TO DO >> Could you please reproduce every record below exactly, leaving out the pictures?

(Excerpts from a dataset)

━━━━

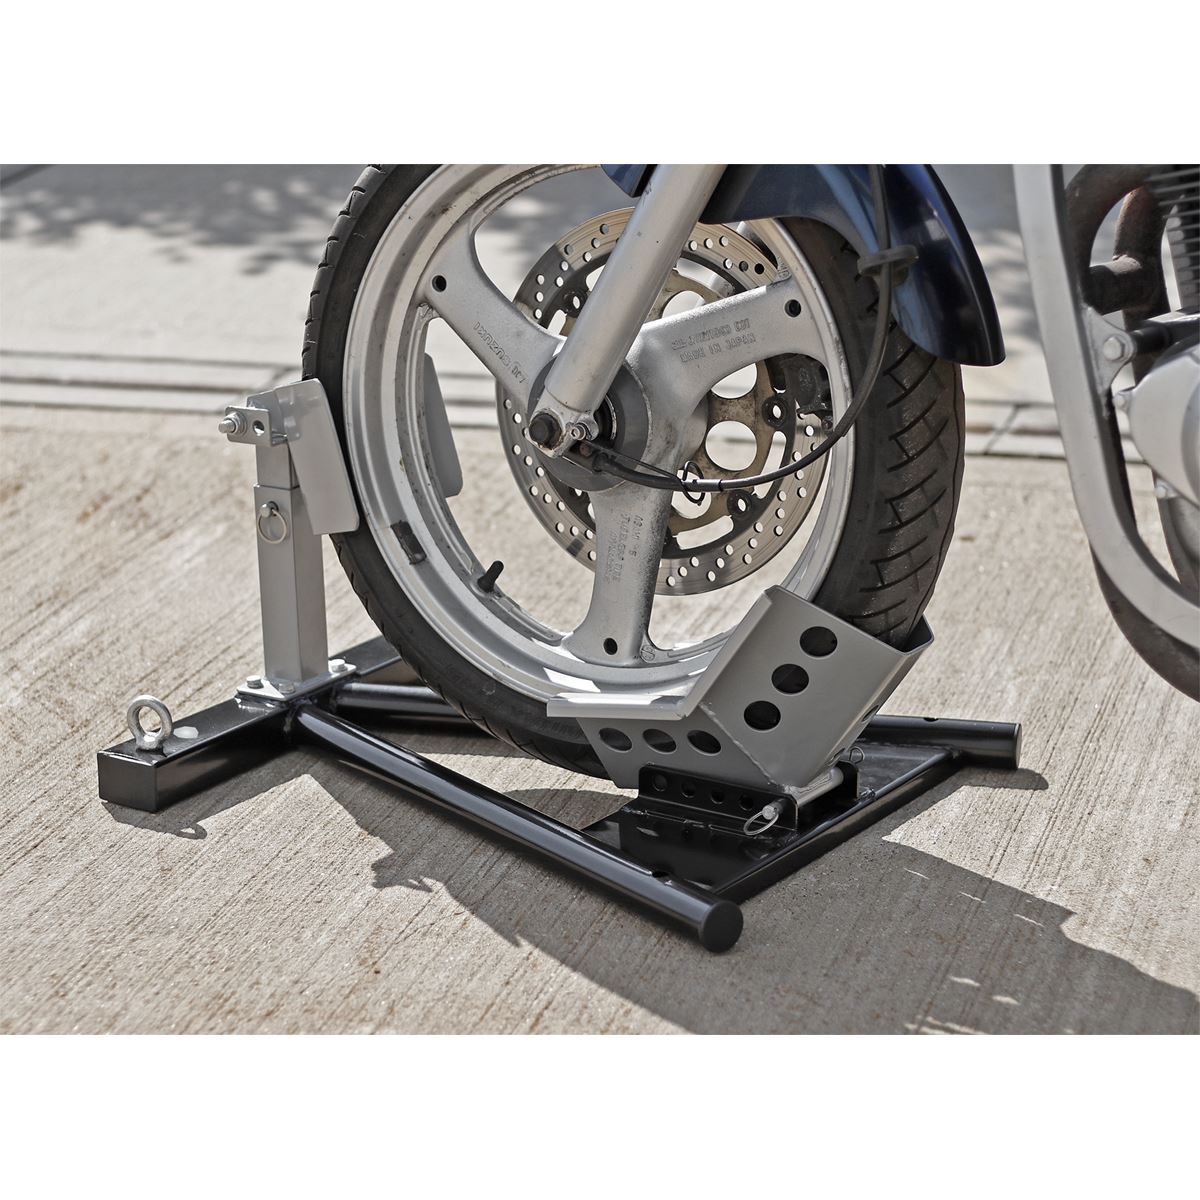 Sealey Heavy-Duty Motorcycle Front Wheel Chock
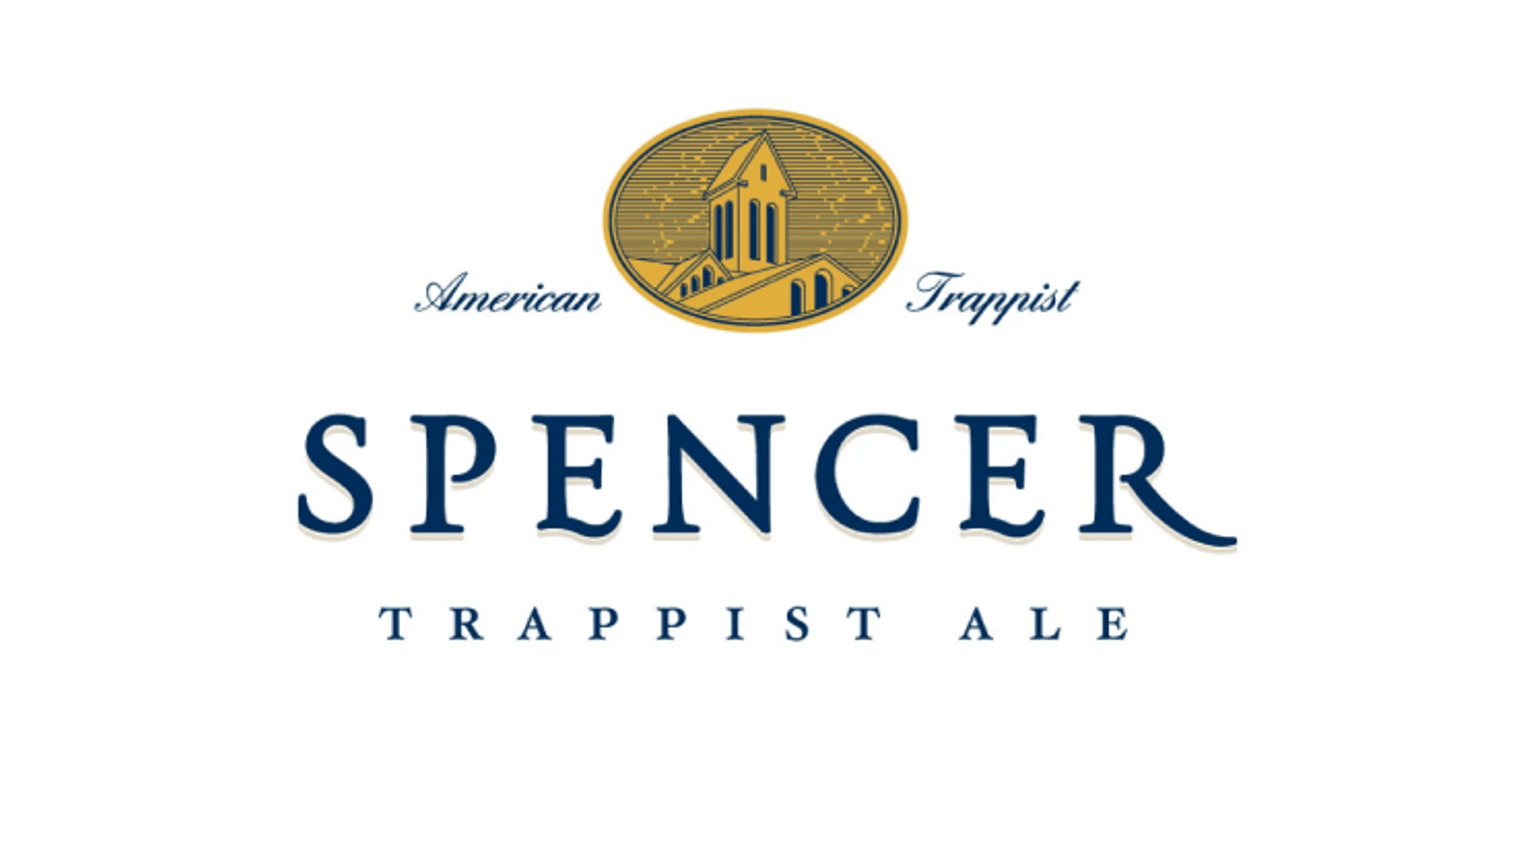 thumbnail for blog article named: Spencer, la bière trappiste américaine
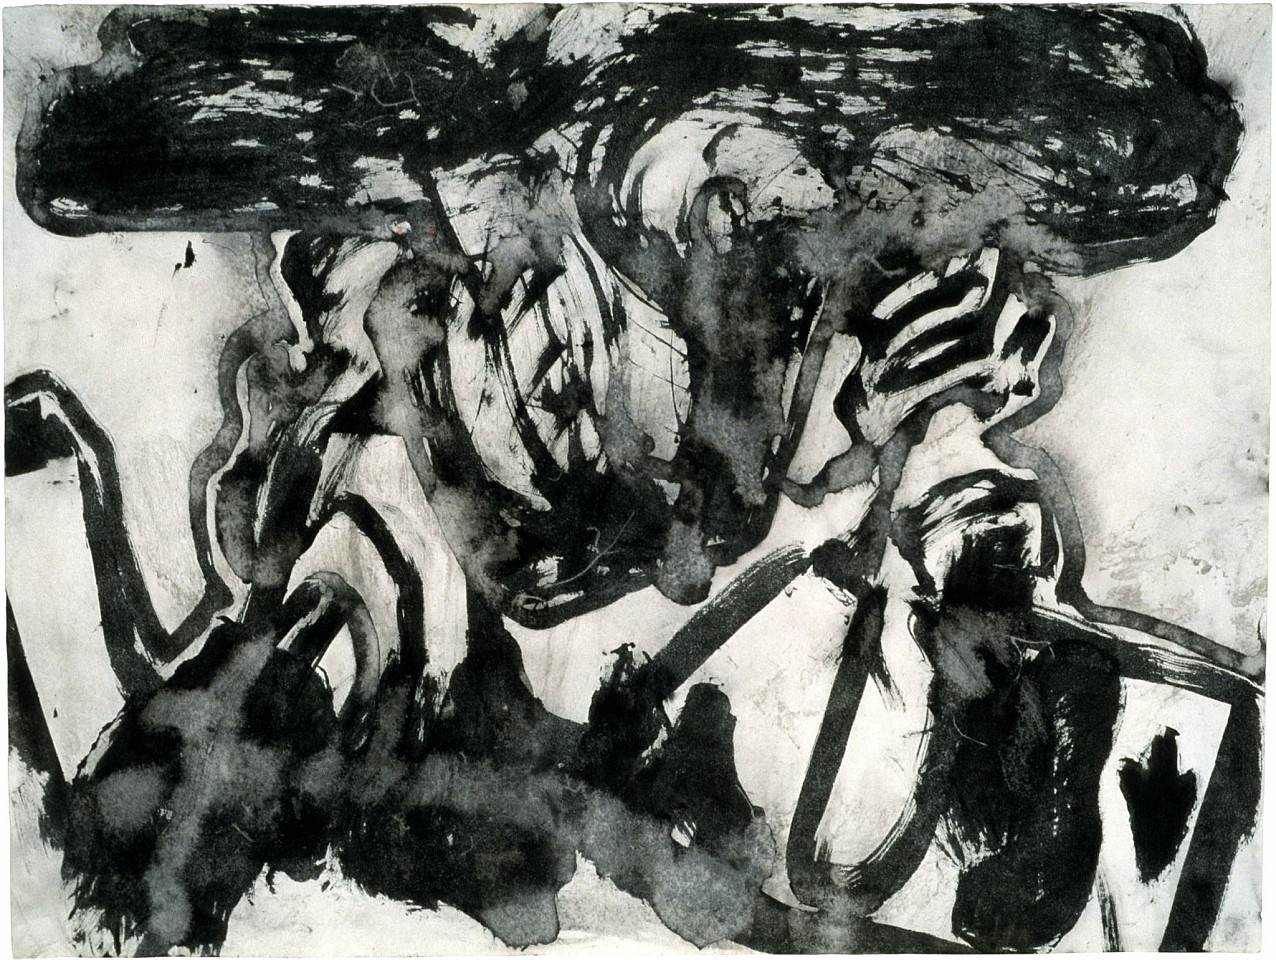 Bo Joseph
Untitled, 1998
JOS259
ink on paper, 20 x 26 1/8 inch paper

━━━━

REPLY >>
 Sealey Heavy-Duty Motorcycle Front Wheel Chock
 thumbnail for blog article named: Spencer, la bière trappiste américaine
 Bo Joseph
Untitled, 1998
JOS259
ink on paper, 20 x 26 1/8 inch paper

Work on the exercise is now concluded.